§ ACTION ITEM: Without including the pictures, copy each line below exactly as it reads.

§ AVAILABLE DATA:
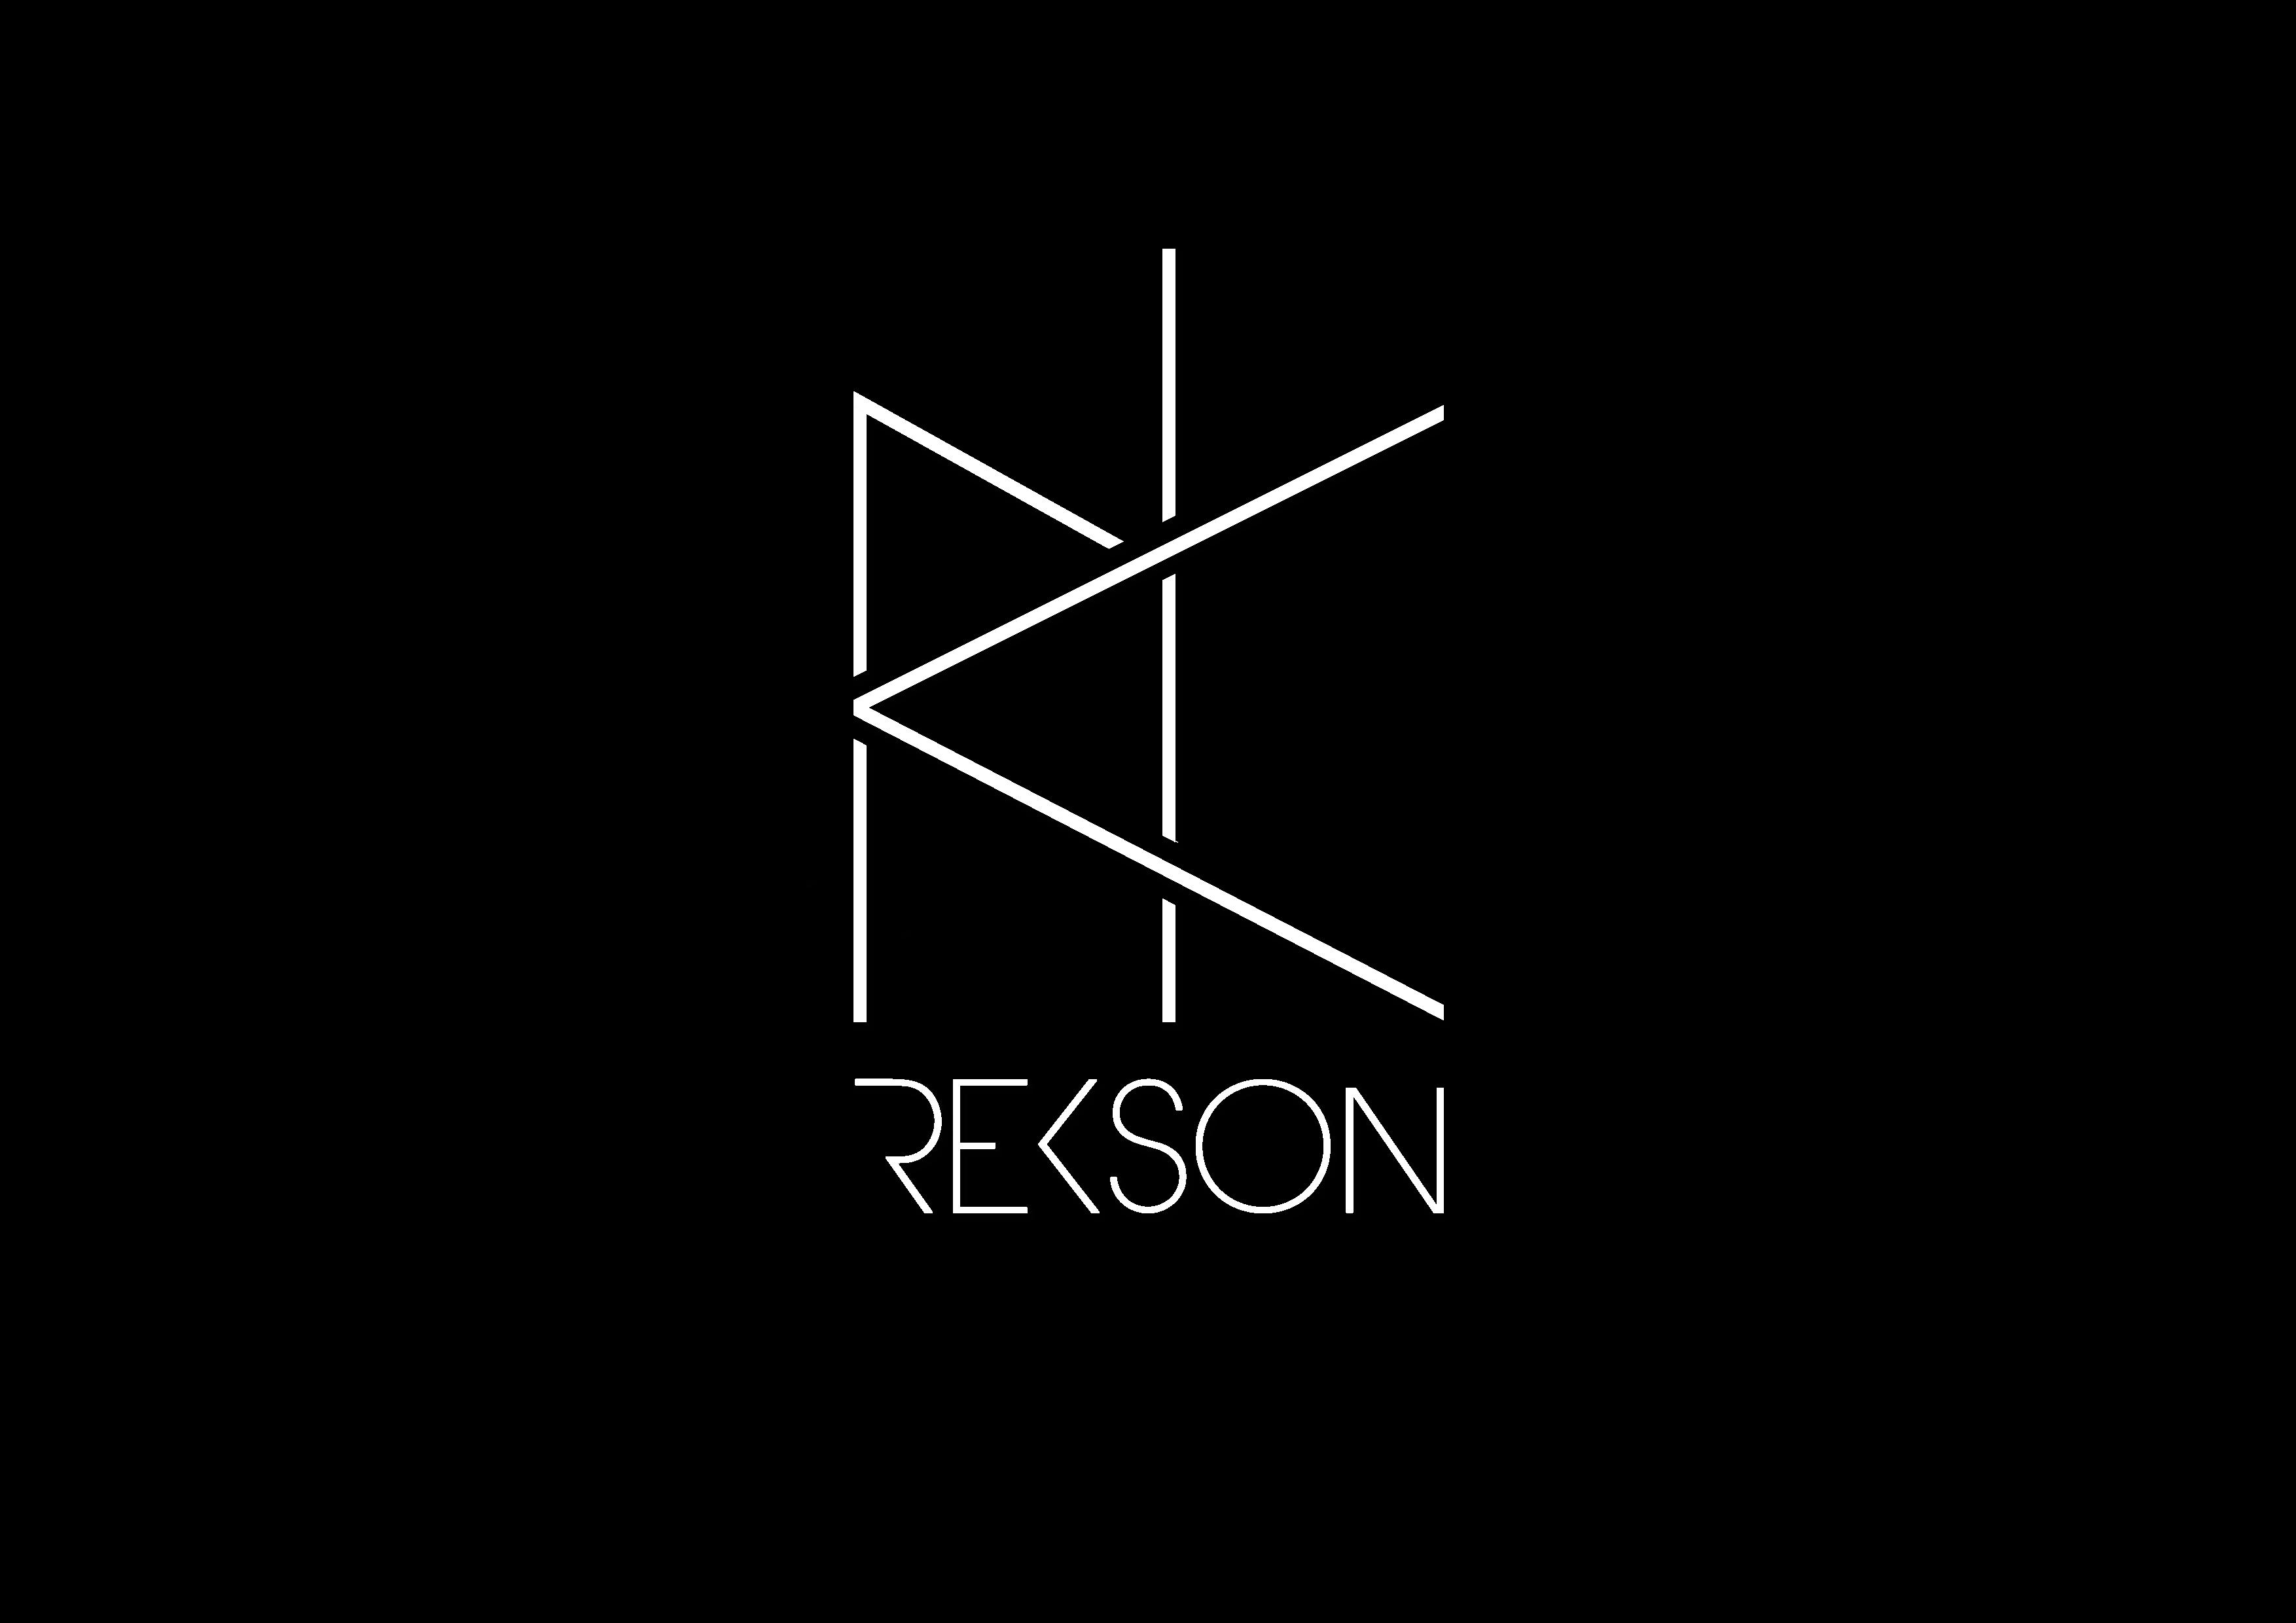 rekson-logo-dj-photobooth
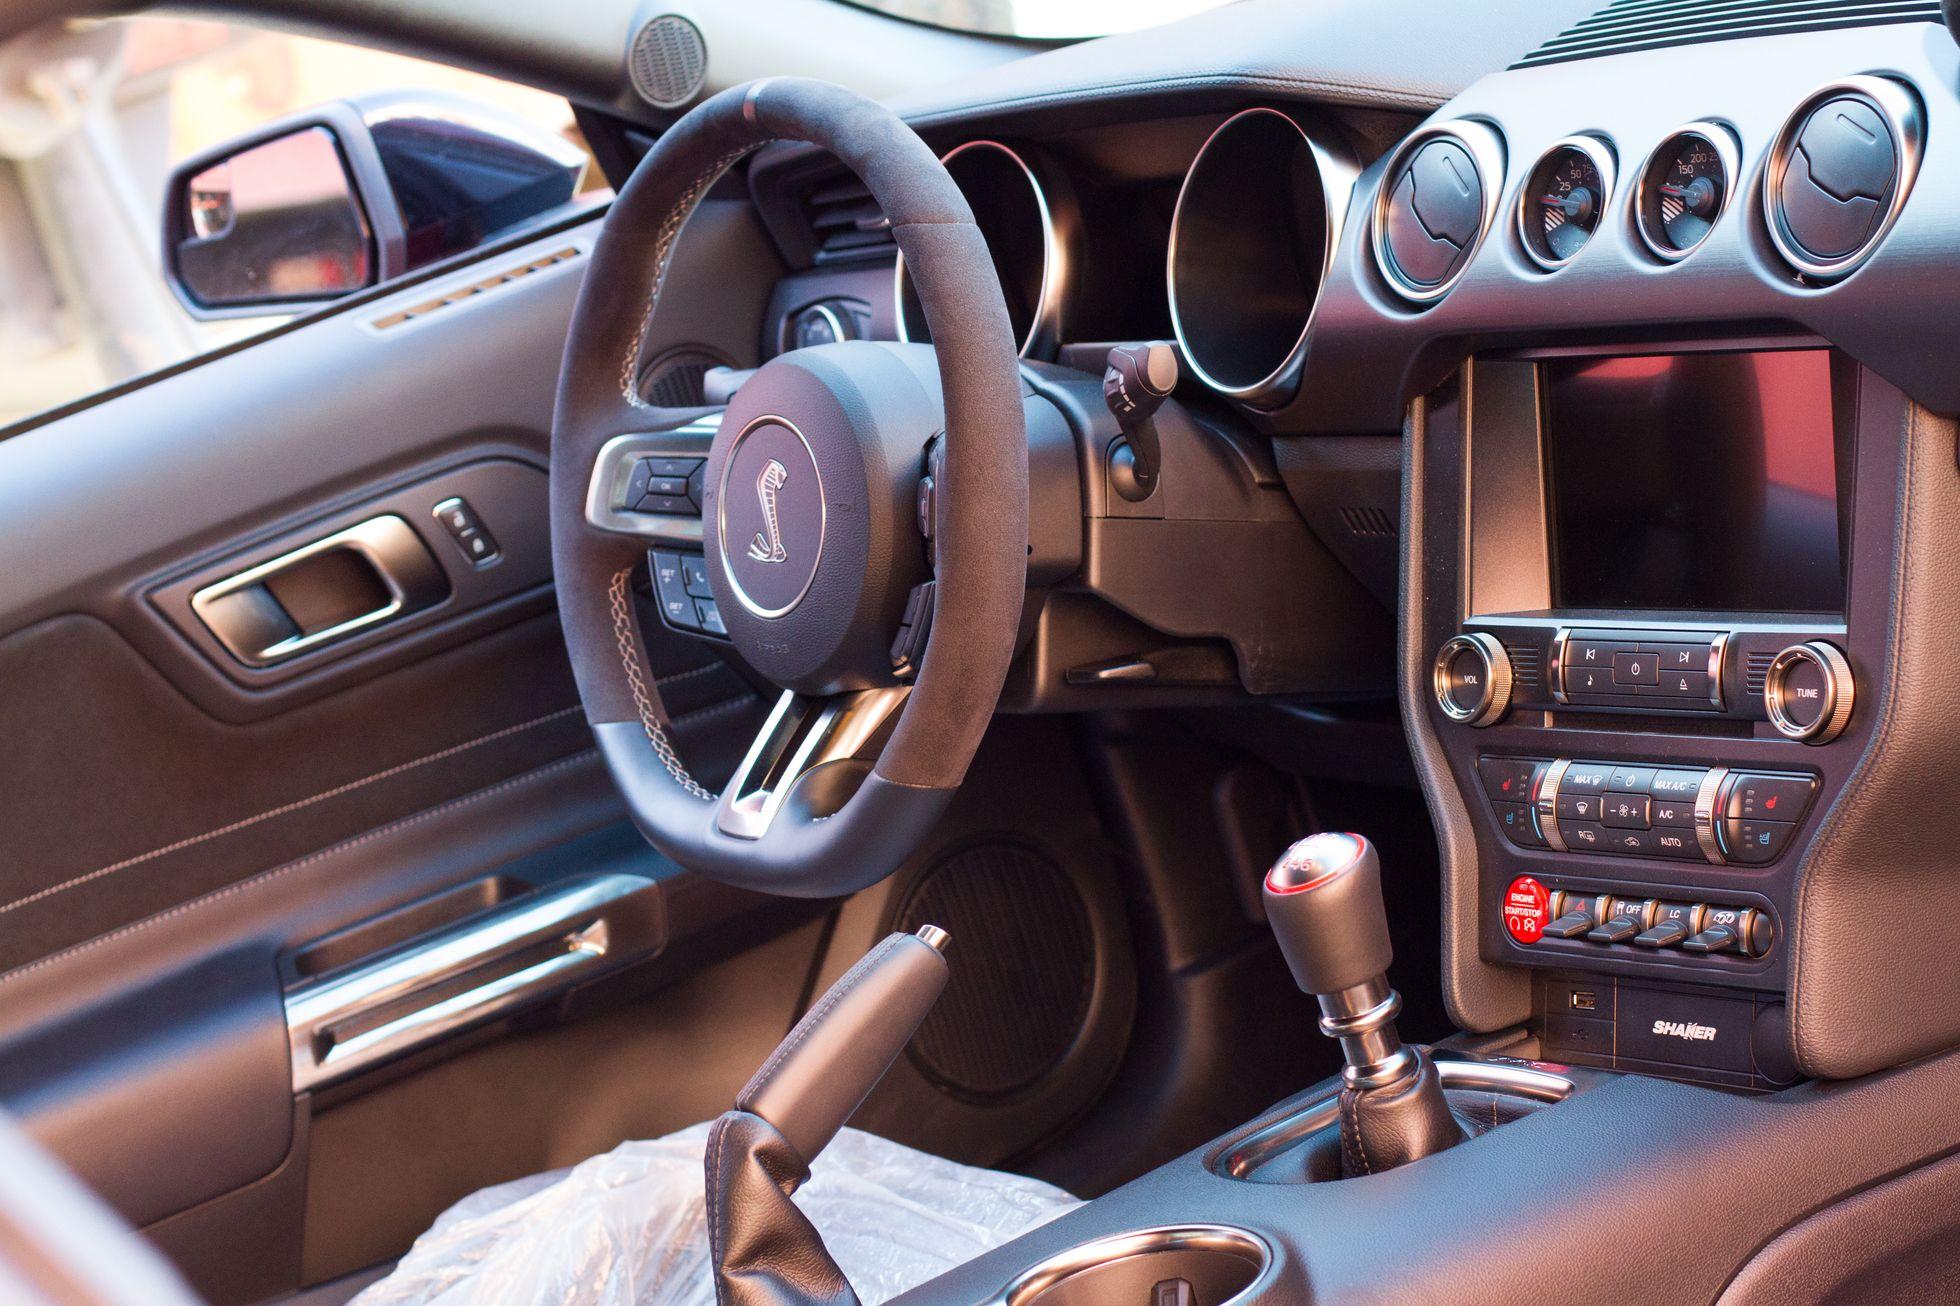 GT350 Shelby interior
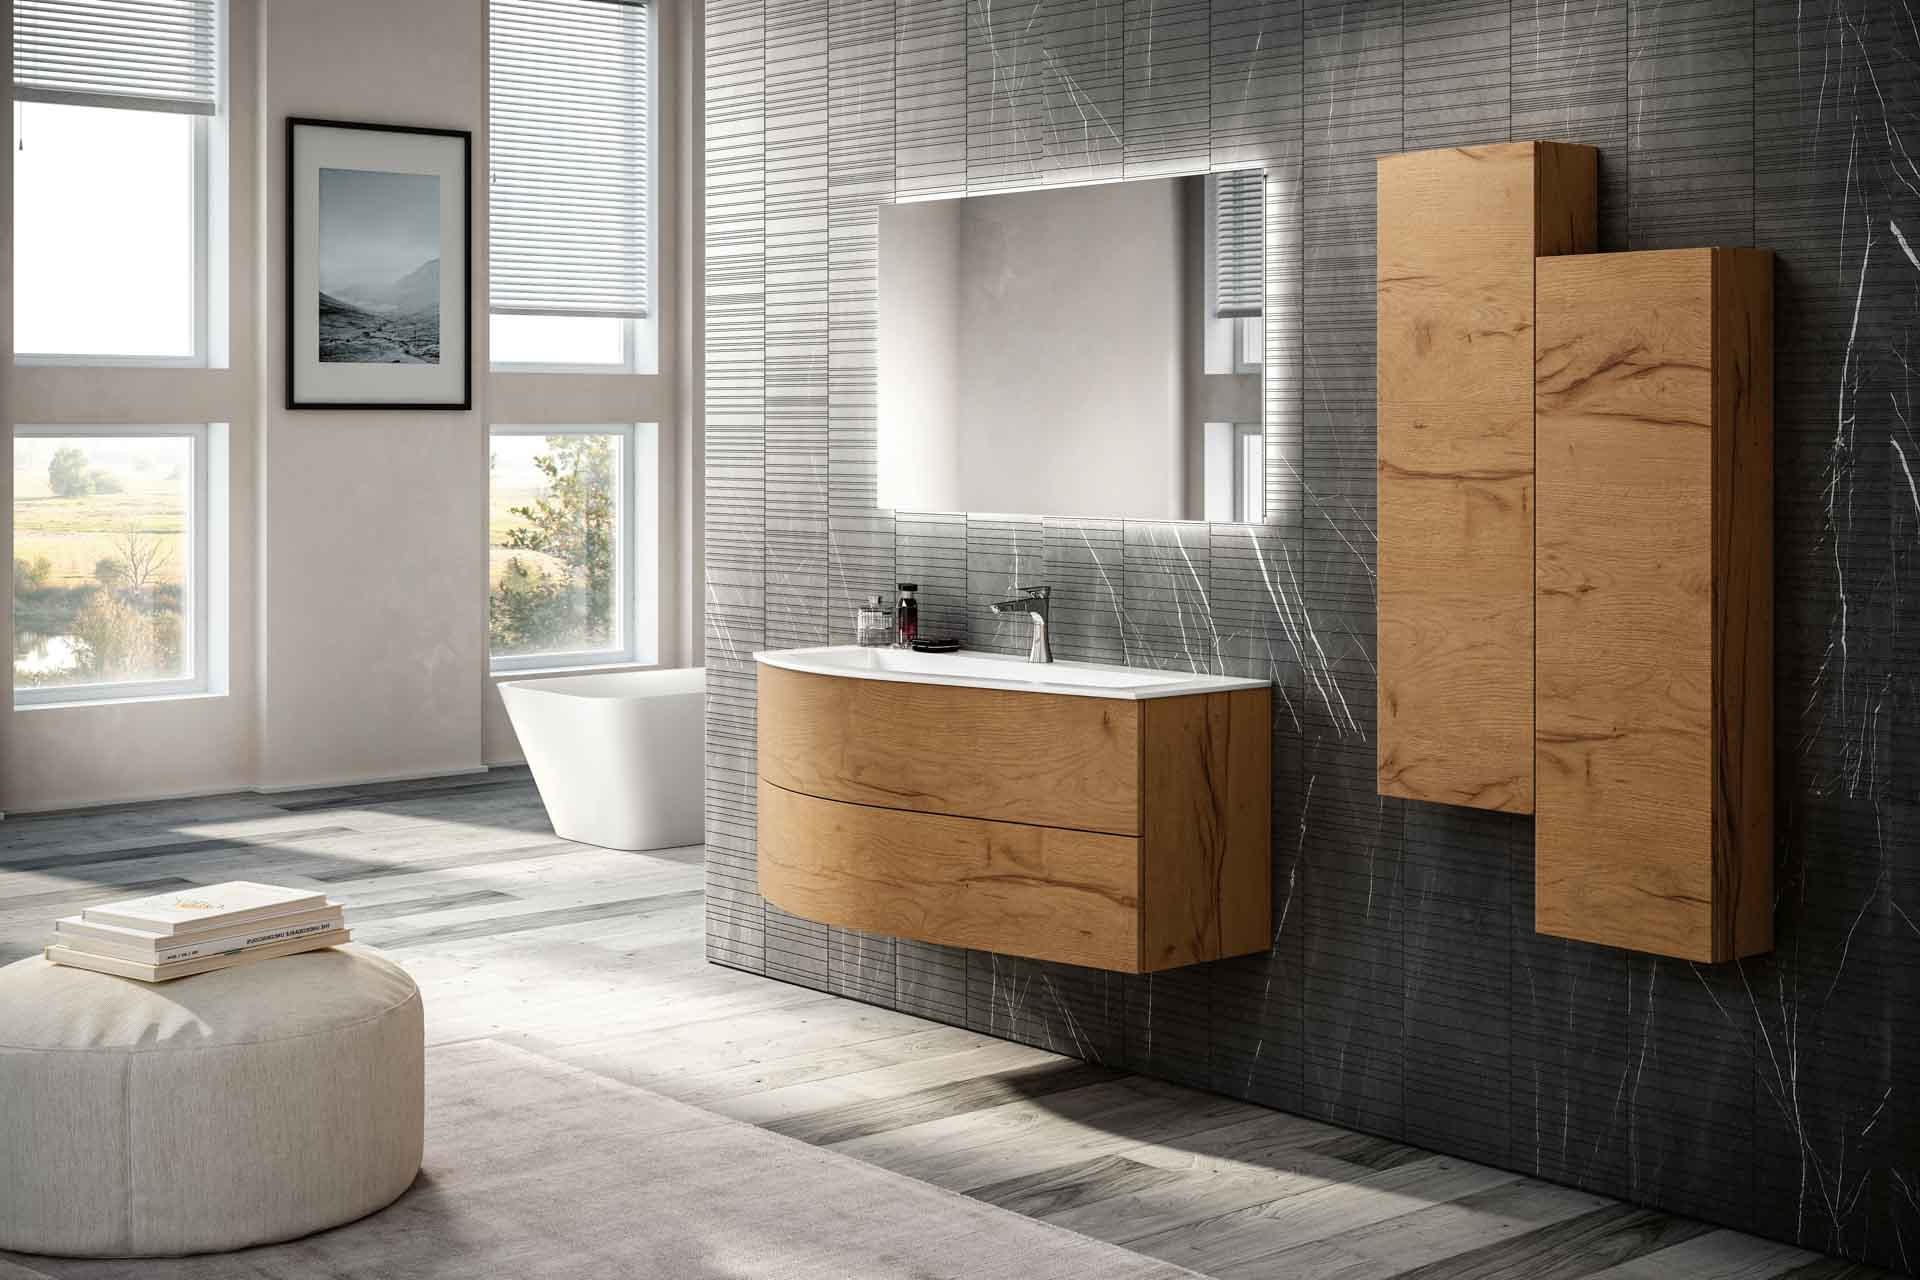 Floating Bathroom Vanity Latitudine European Cabinets

§ YOUR RESPONSE:
 rekson-logo-dj-photobooth
 GT350 Shelby interior
 Floating Bathroom Vanity Latitudine European Cabinets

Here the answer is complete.